### Work item
Transcribe the entries below exactly, starting with the line that has "Aerial views of" and stopping after the line that has "Oreck David manual"; no pictures belong in the copy.

### Supplied information
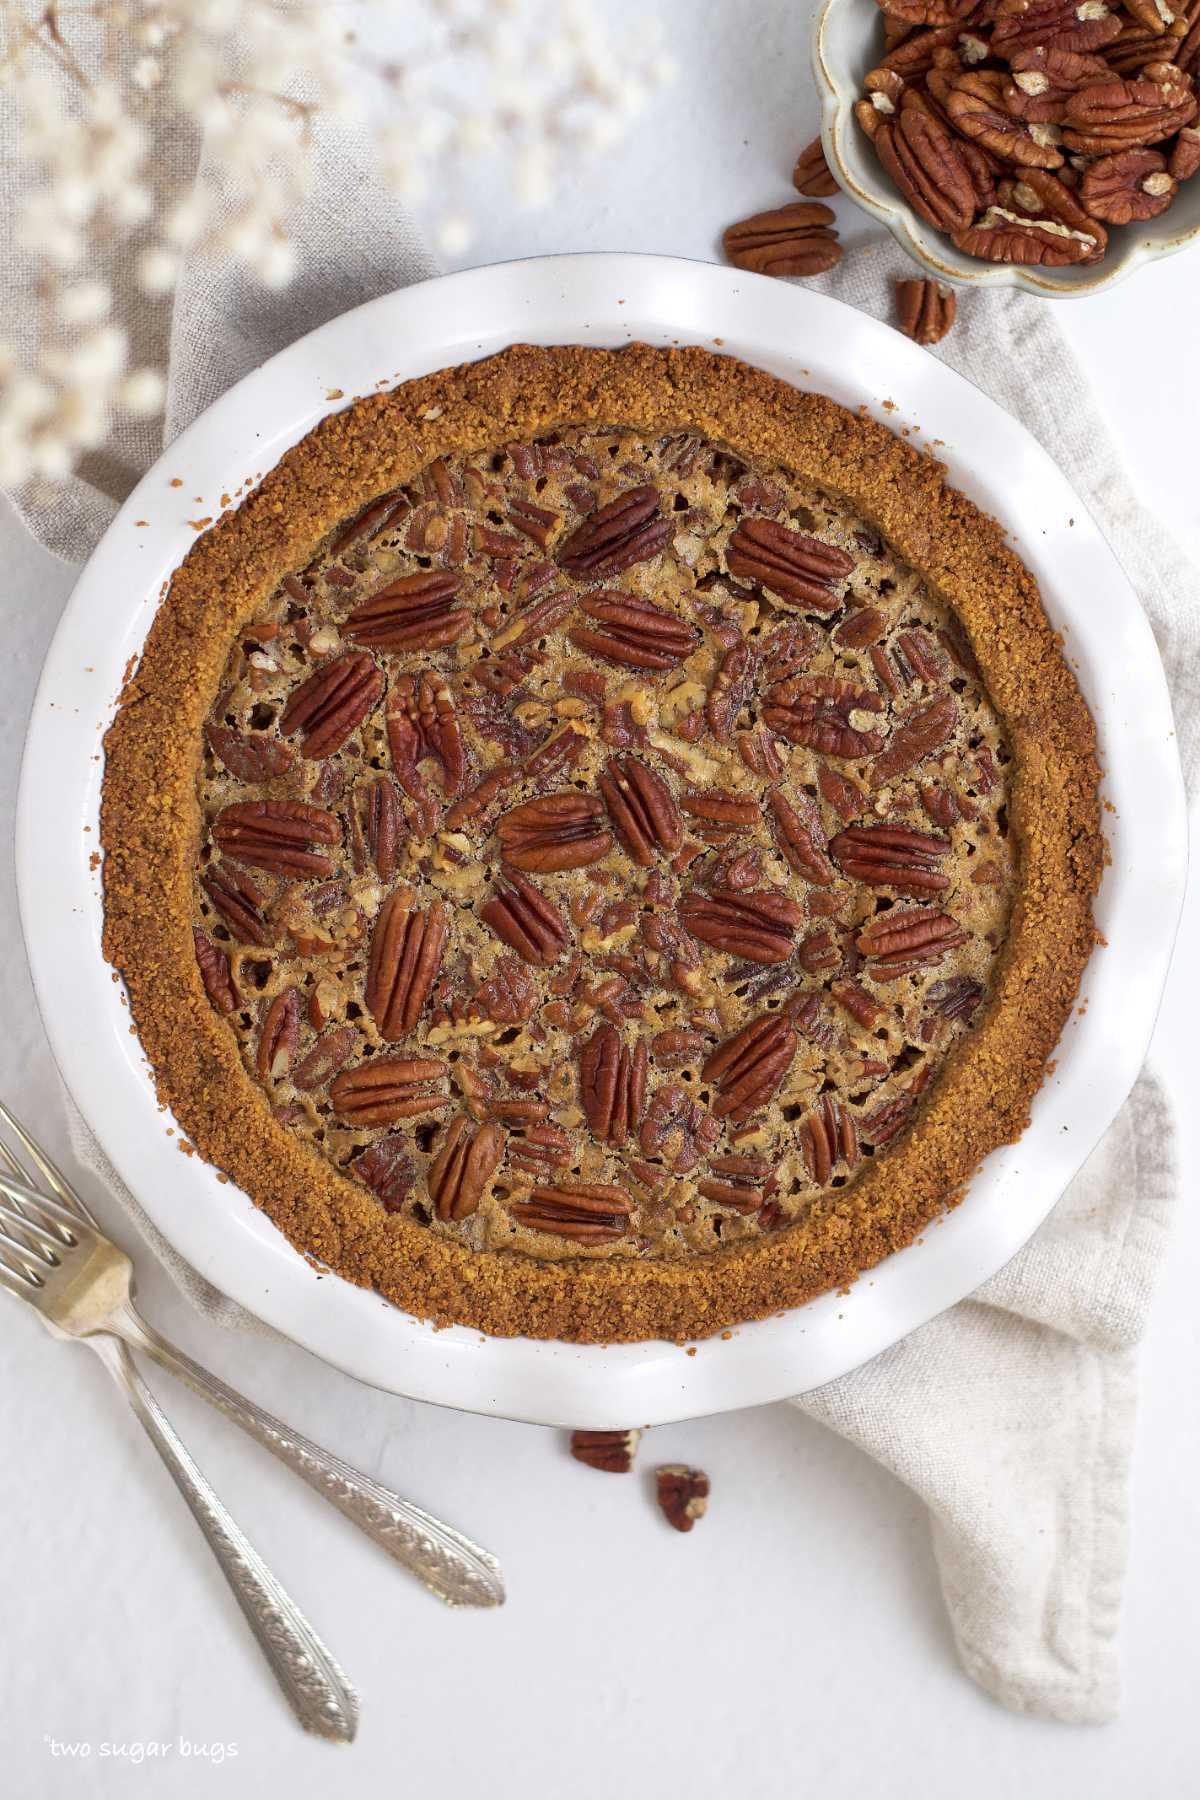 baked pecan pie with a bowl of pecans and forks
==
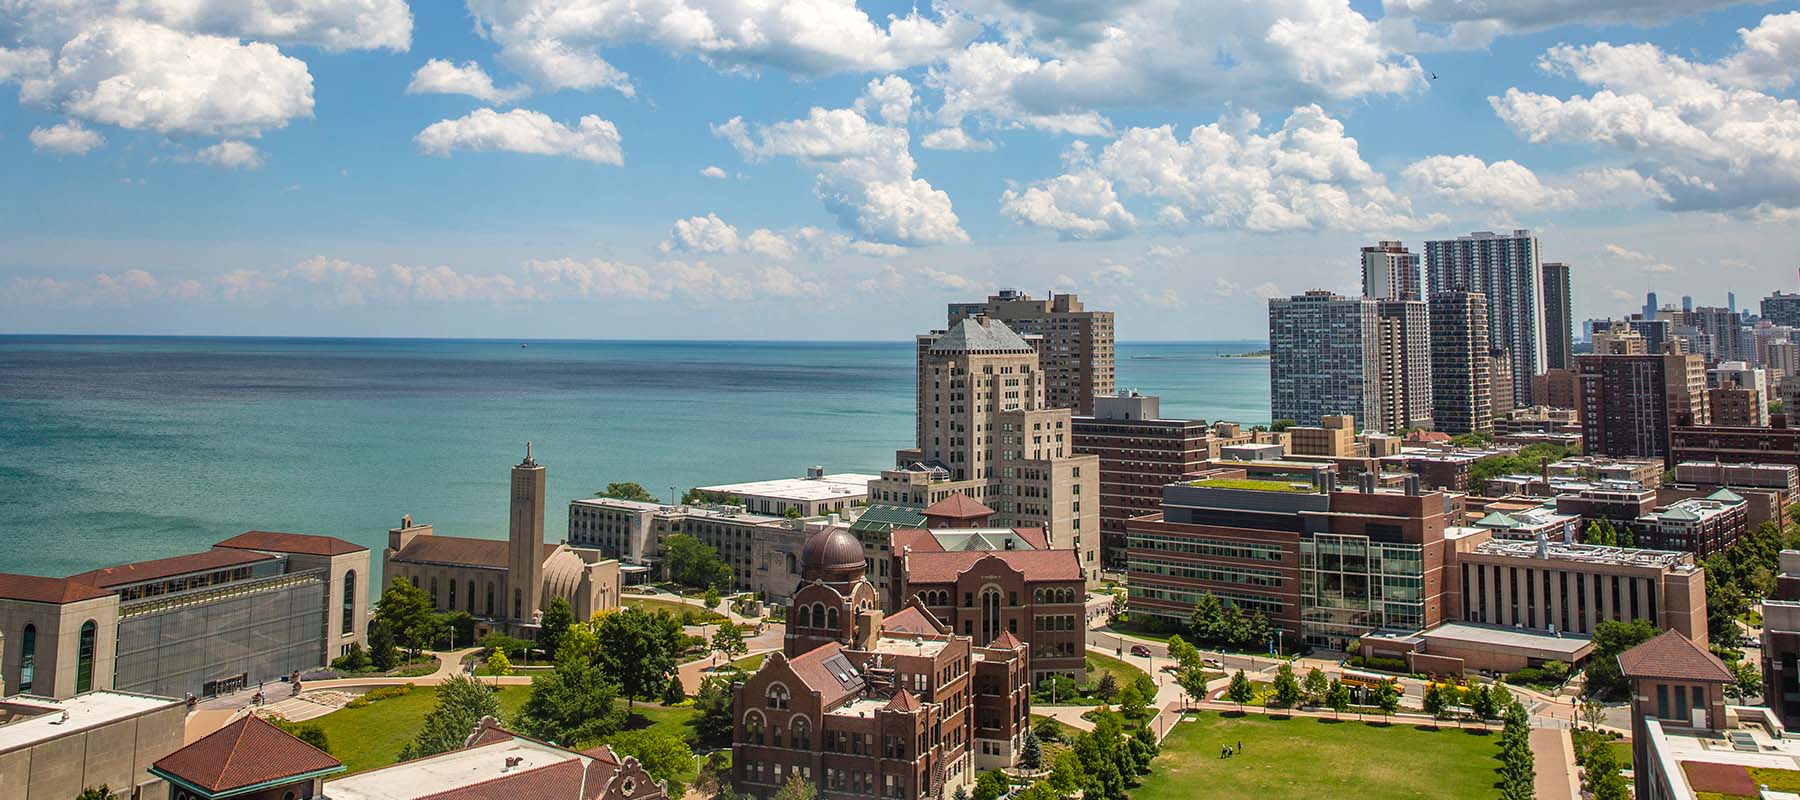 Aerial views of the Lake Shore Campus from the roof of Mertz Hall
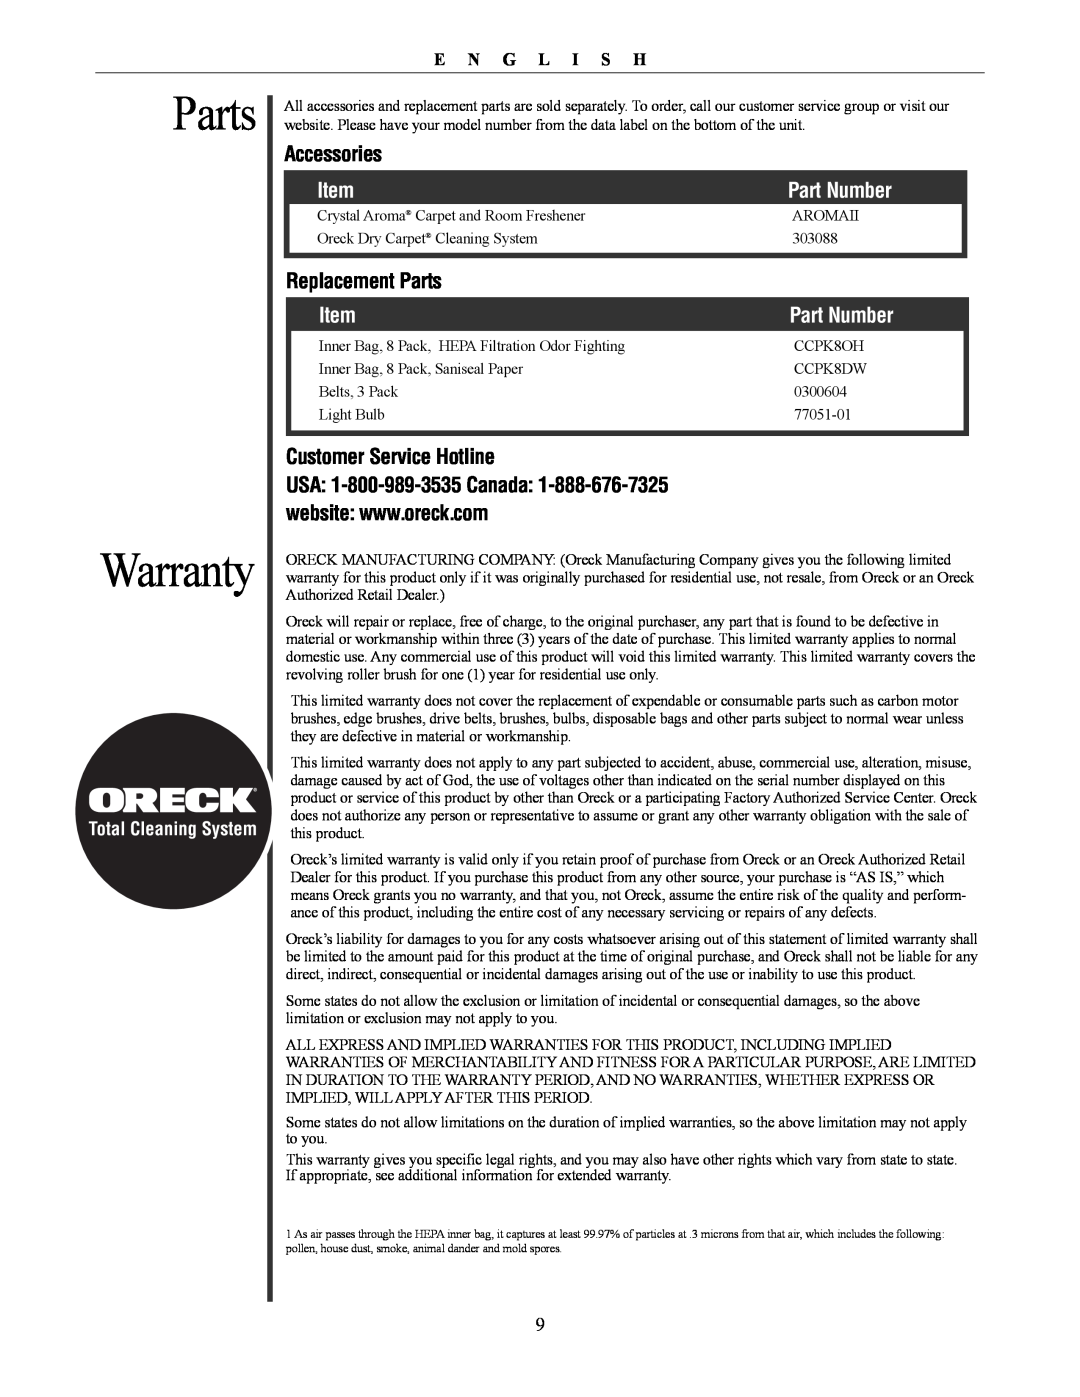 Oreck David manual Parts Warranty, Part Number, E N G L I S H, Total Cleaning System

### Answer box
 Aerial views of the Lake Shore Campus from the roof of Mertz Hall
 Oreck David manual Parts Warranty, Part Number, E N G L I S H, Total Cleaning System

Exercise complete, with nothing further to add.